▶ **YOUR OBJECTIVE**: The answer must be only the lines below from the one holding "Custom Ikea Fenix" down to the one holding "[VIDEO] - Goodnight, Charlene 1", ends included, printed exactly; please omit all pictures.

▶ **DATA TO PROCESS**:
· · ·

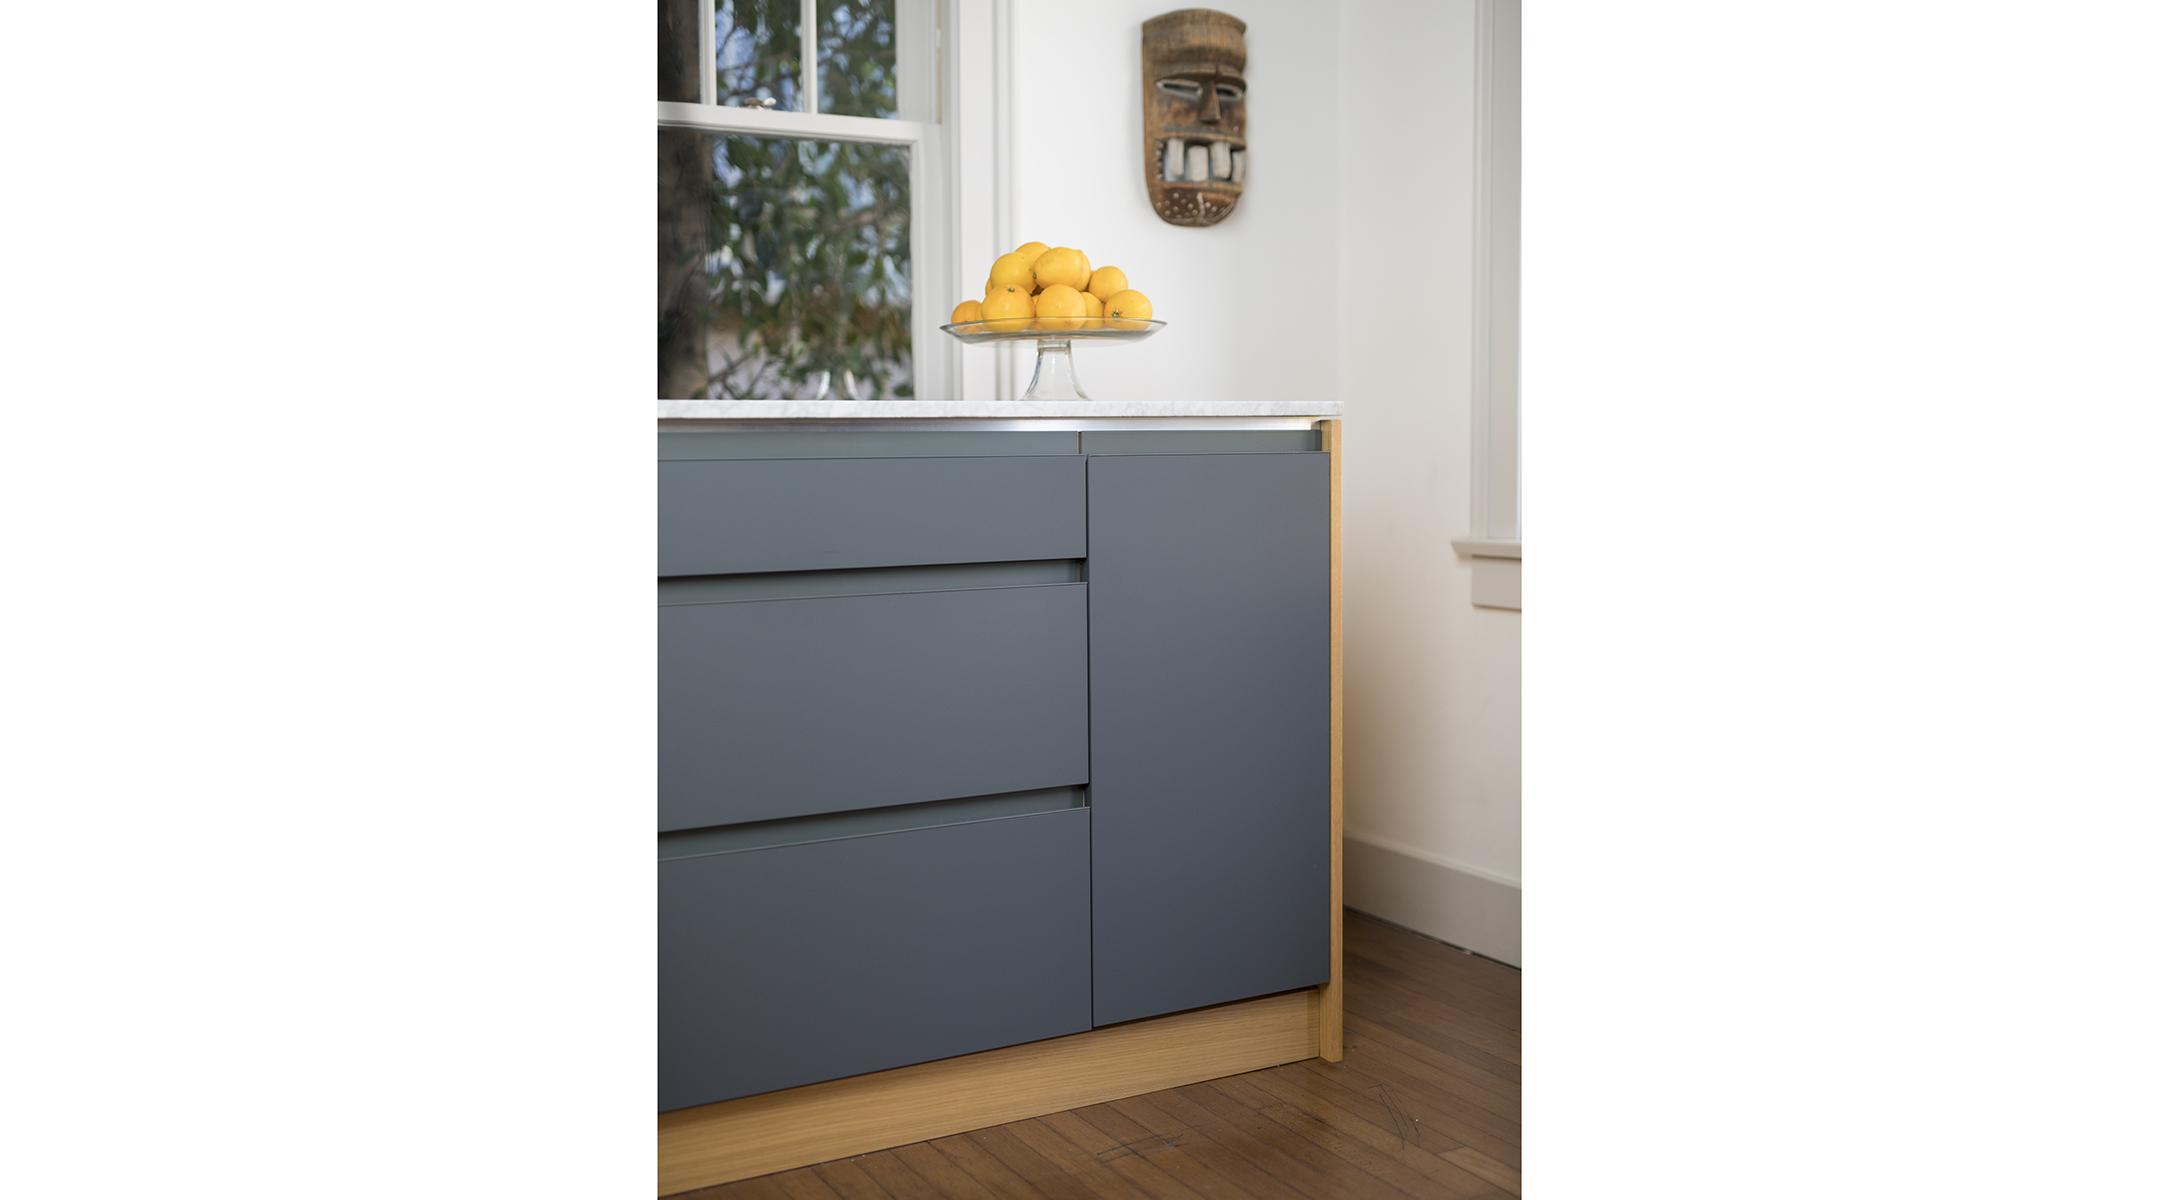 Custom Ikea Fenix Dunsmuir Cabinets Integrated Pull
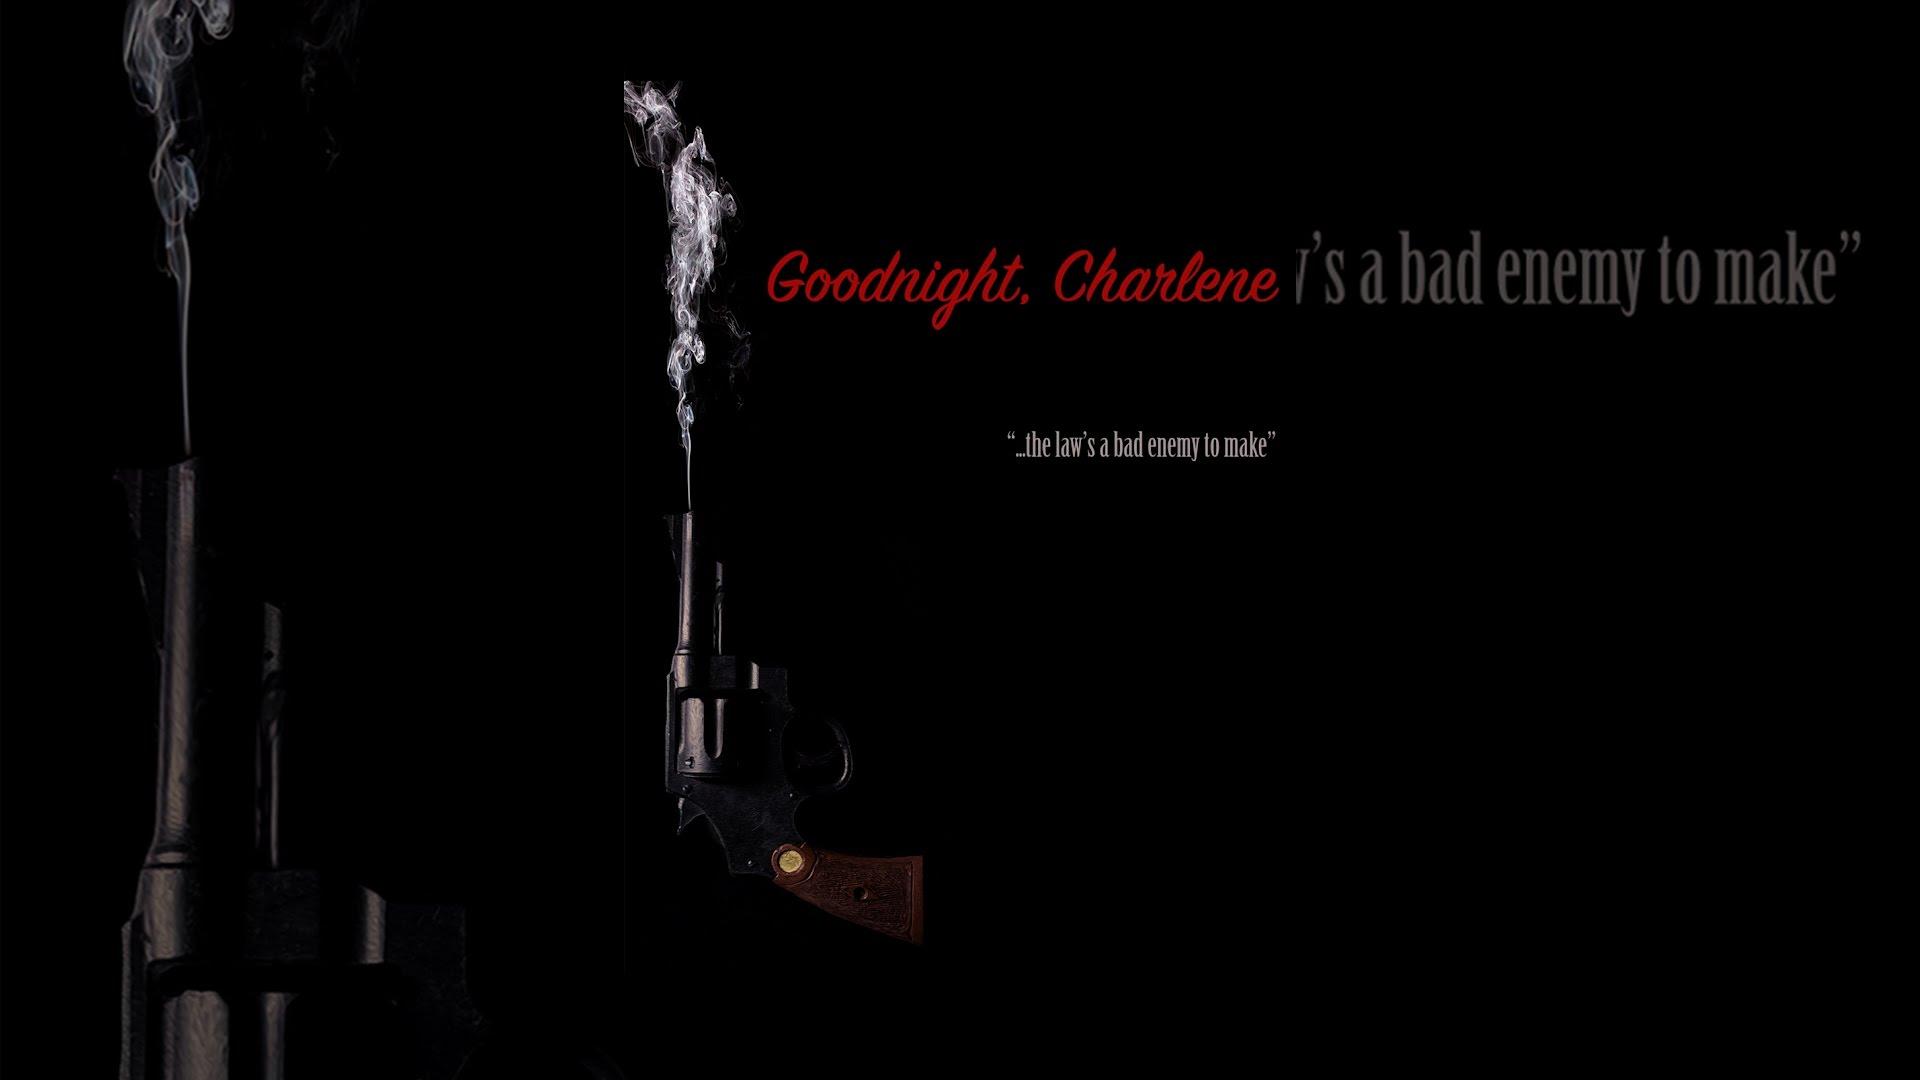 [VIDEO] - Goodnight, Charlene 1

· · ·

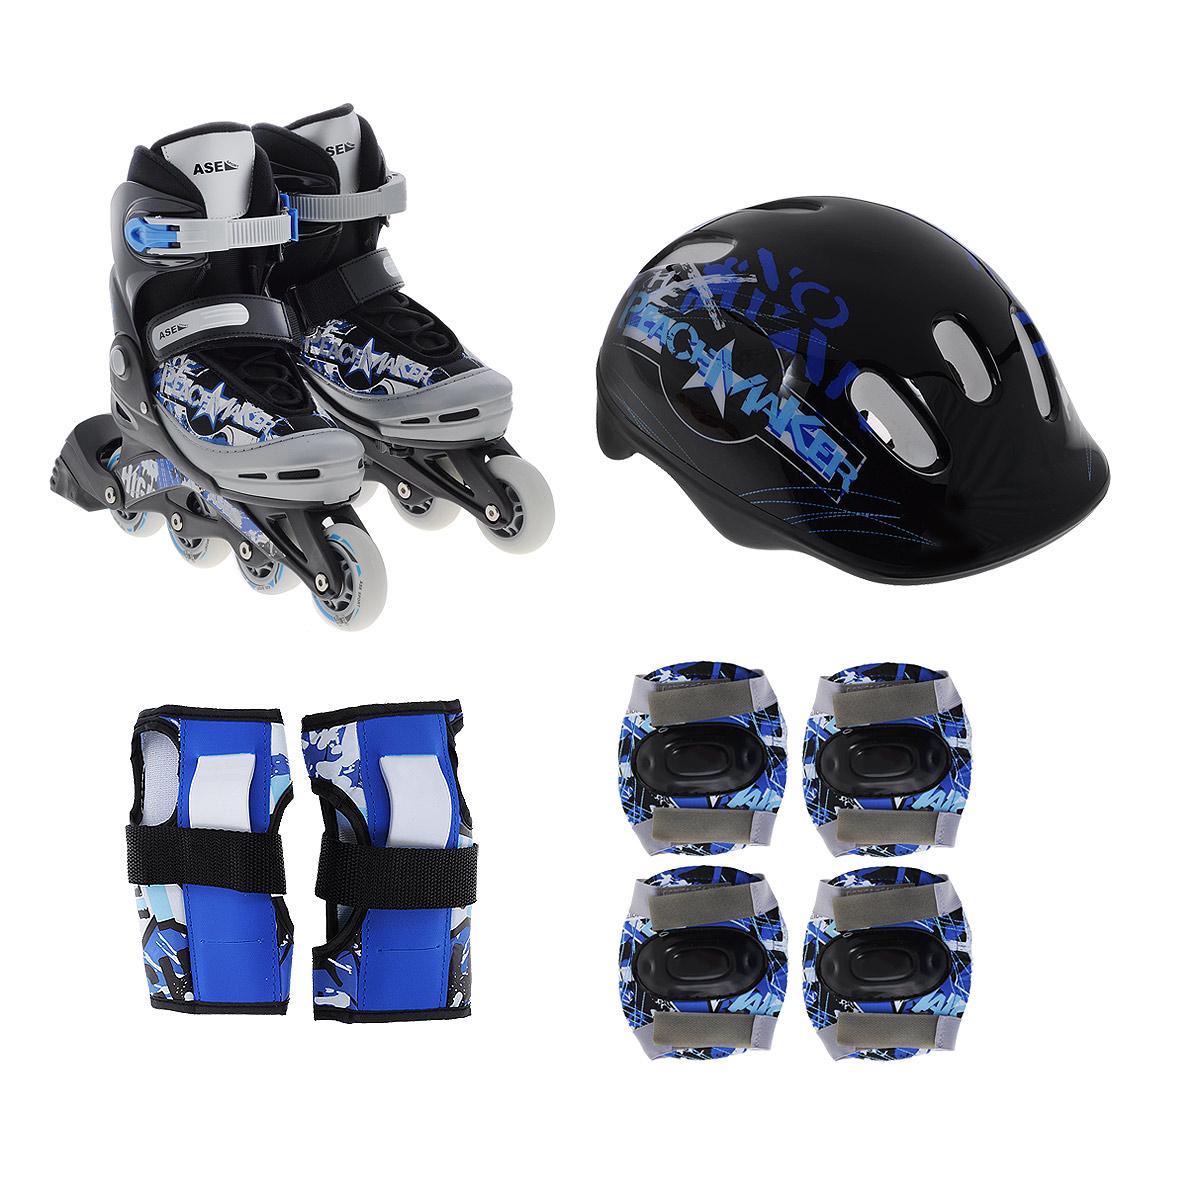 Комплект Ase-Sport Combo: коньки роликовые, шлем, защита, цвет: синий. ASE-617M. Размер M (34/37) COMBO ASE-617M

· · ·

▶ **OUTPUT OF THE TASK**:
 Custom Ikea Fenix Dunsmuir Cabinets Integrated Pull
 [VIDEO] - Goodnight, Charlene 1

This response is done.